1. ## Splitting field of x^p-x-a, a neq b^p-b

Hi again guys. I have the following assignment:

Let k be a field of characteristic p and a in k an element which cannot be written b^p-b for any b in k. Compute the Galois group of the splitting field of f(x)=x^p-x-a.

In a previous thread here you helped me to determine that the above polynomial either splits in k or is irreducible there. It is shown here Math Forum - Ask Dr. Math how to do. The ansatz is simply what you guys taught me before:

Suppose [; \alpha ;] is a root, i.e. [; \alpha^p - \alpha - a = 0 ;]. Then so is [; \alpha+j ;], because [; (\alpha+j)^p-(\alpha+j)-a = \alpha^p - \alpha + j^p - j - a = \alpha^p - \alpha - a = 0 ;], hence yada yada.

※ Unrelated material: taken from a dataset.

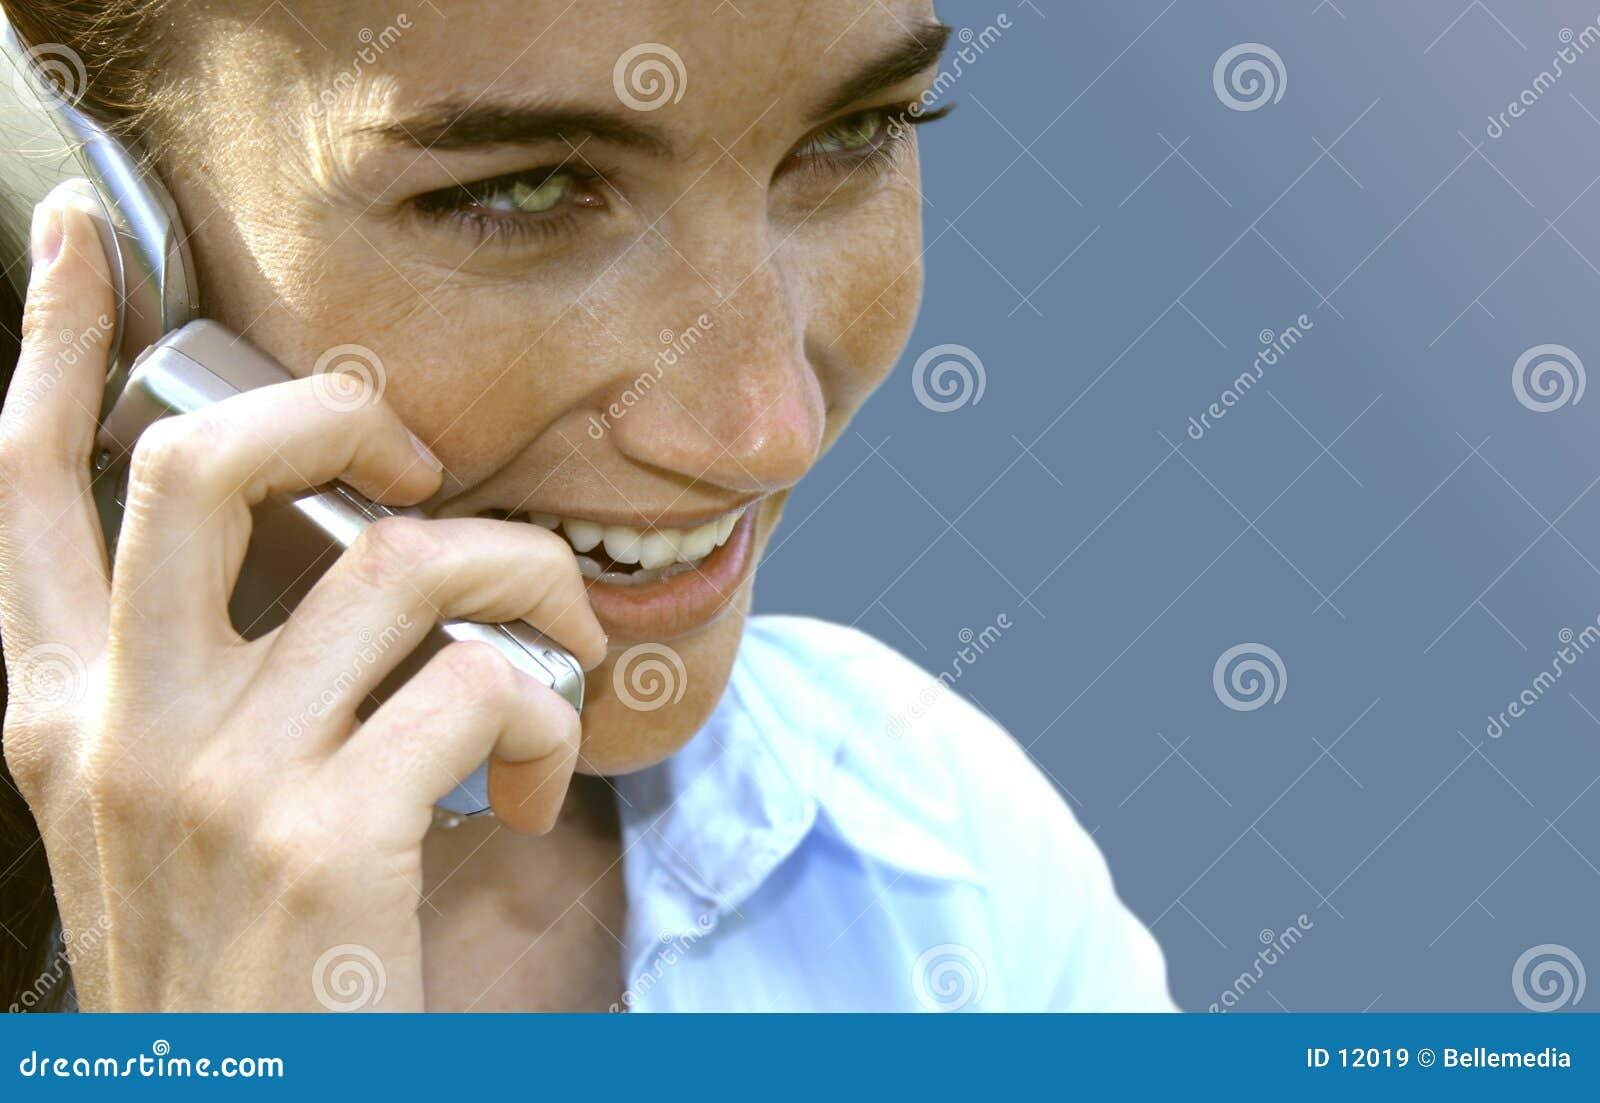 удостоверение личности звонящего по телефону

My problem is with two things:
1) Alright, suppose [; \alpha ;] is a root... well, it's not. Wouldn't it follow from Fermat's little theorem that [; \alpha^p - \alpha - a = -a ;], which is not zero?

2) Fine, let's accept that [; \alpha ;] is indeed a root, that my objection in (1) is wrong. Then why is j^p-j = 0? Is it because j belongs to k while [; \alpha ;] does not?

(Bonus question: Determine all intermediate fields of [; Q(\sqrt{2+\sqrt{2}}) ;]. The intermediate fields correspond to the subgroups of the Galois group, in this case the cyclic group on four elements, so wouldn't there be only one intermediate field, corresponding to the (up to isomorphism) unique group of two elements, namely [; Q(\sqrt{2}) ;] ?)

2. ## Re: Splitting field of x^p-x-a, a neq b^p-b

Originally Posted by spudwish
My problem is with two things:
1) Alright, suppose [; \alpha ;] is a root... well, it's not. Wouldn't it follow from Fermat's little theorem that [; \alpha^p - \alpha - a = -a ;], which is not zero?
Fermat's little theorem only holds for integers. This root $\displaystyle \alpha$ is something that lives in the splitting field of $\displaystyle f(x)$, and is probably not an integer, or even an element of Z/pZ. However, since you know there exists a splitting field for every polynomial f(x), you can assume the existence of a root.

2) Fine, let's accept that [; \alpha ;] is indeed a root, that my objection in (1) is wrong. Then why is j^p-j = 0? Is it because j belongs to k while [; \alpha ;] does not?
In this instance j is necessary an integer (or more precisely, an element of Z/pZ). Fermat's little theorem holds in this case.

(Bonus question: Determine all intermediate fields of [; Q(\sqrt{2+\sqrt{2}}) ;]. The intermediate fields correspond to the subgroups of the Galois group, in this case the cyclic group on four elements, so wouldn't there be only one intermediate field, corresponding to the (up to isomorphism) unique group of two elements, namely [; Q(\sqrt{2}) ;] ?)
Yes.